A resin composition used for welding by laser light,
(A) For 100 parts by mass of a thermoplastic polyester resin material containing a polybutylene terephthalate homopolymer and / or a polybutylene terephthalate copolymer,
(B) Nigrosine 0.0005 to 0.5 parts by mass,
(C) 0.01-2 parts by weight of a colorant containing an anthraquinone dye, and
(D) A laser welding resin composition comprising 2.5 to 100 parts by mass of a brominated flame retardant.   (C) The colorant includes a perinone dye C2 having a maximum absorption wavelength in the range of 460 to 480 nm and an anthraquinone dye C1 in which the maximum absorption wavelength is in the range of 590 to 635 nm, and the mass ratio C2 / C1 between the two is 0.4 to The resin composition for laser welding according to claim 1, wherein the resin composition is a colorant contained in a ratio of 2. 3.   (A) The thermoplastic polyester resin material includes a polybutylene terephthalate homopolymer and a polybutylene terephthalate copolymer, and the content of the polybutylene terephthalate copolymer is 5 to 95% by mass with respect to 100% by mass in total of both. The resin composition for laser welding according to claim 1 or 2.   (A) The thermoplastic polyester resin material includes a polybutylene terephthalate homopolymer and a polyethylene terephthalate resin, and the content of the polyethylene terephthalate resin is 5 to 50% by mass with respect to 100% by mass of both. Laser welding resin composition in any one of 1-3.   (A) The thermoplastic polyester-based resin material contains a polybutylene terephthalate homopolymer and a polycarbonate resin, and the content of the polycarbonate resin is 5 to 50 mass with respect to a total of 100 mass% of the polybutylene terephthalate homopolymer and the polycarbonate resin. The resin composition for laser welding according to claim 1 or 2, wherein the composition is%.   (D) The brominated flame retardant is brominated acrylate, The resin composition for laser welding according to any one of claims 1 to 5. The absorbance a _0.75 (absorbance converted to a molded plate having a thickness of 0.75 mm) with respect to 940 nm laser light of the molded plate made of the resin composition is 0.05 to _1.5 . The laser welding resin composition according to any one of the above. The incidence rate _K0.75 (incidence rate converted into a thickness of 0.75 mm) of the molded plate made of the resin composition with respect to 940 nm laser light is 15 to 80%. The resin composition for laser welding according to claim 1.

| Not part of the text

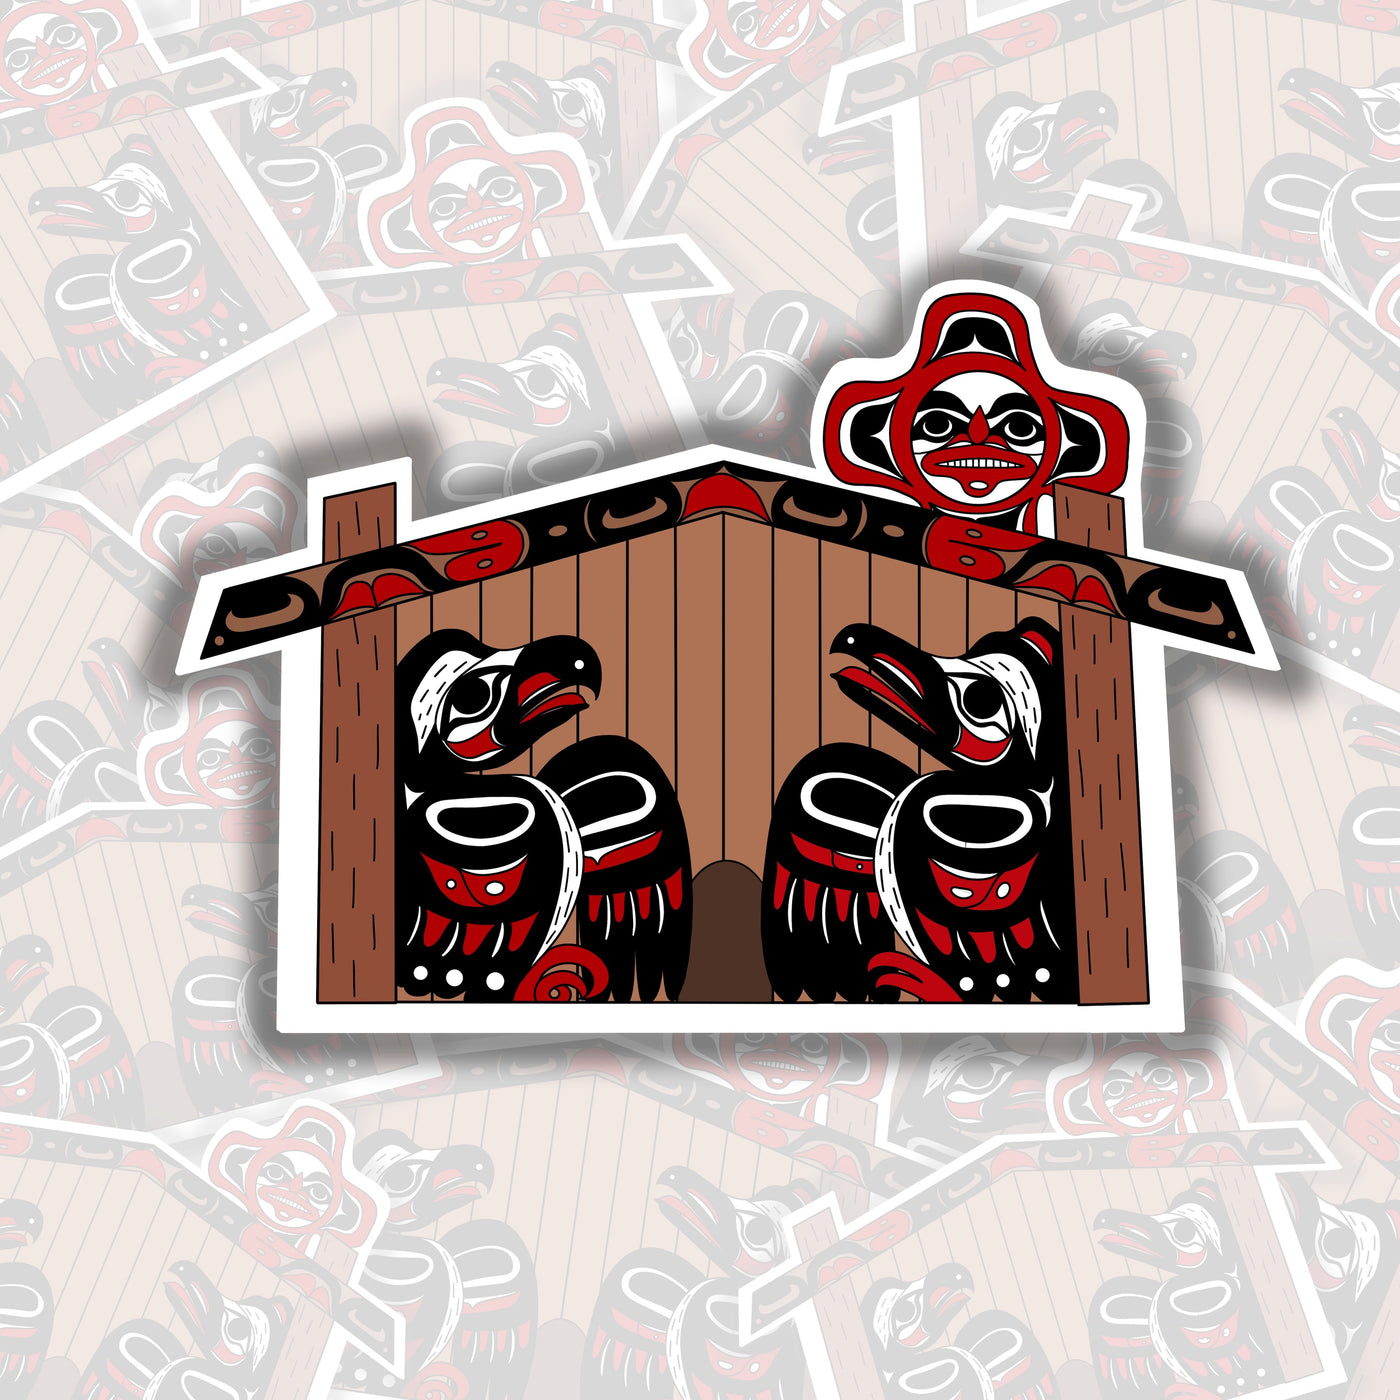 This sticker is of a tan, black, and red Tlingit longhouse. Inside the longhouse are two birds, an eagle on the left and a raven on the right. Above the longhouse is a red and black sun with a face in the center.

However, the incidence rate K _0.75 is calculated as follows using the transmittance T _0.75 and the reflectance R _0.75 at a thickness of _0.75 mm.
Incidence factor K _0.75 (%) = 100−T _0.75 −R _0.75   A molded article for laser welding comprising the resin composition for laser welding according to claim 1.   A laser welded product of the molded product according to claim 9.   The laser welded body according to claim 10, wherein a gap between the formed bodies when the welded body is welded is at least 0.1 mm in at least a part of the welded portion.   The laser welded body according to claim 10 or 11, wherein the molded bodies are butt-welded to each other.   The laser welded body according to claim 10 or 11, wherein the molded bodies are laminated and welded together.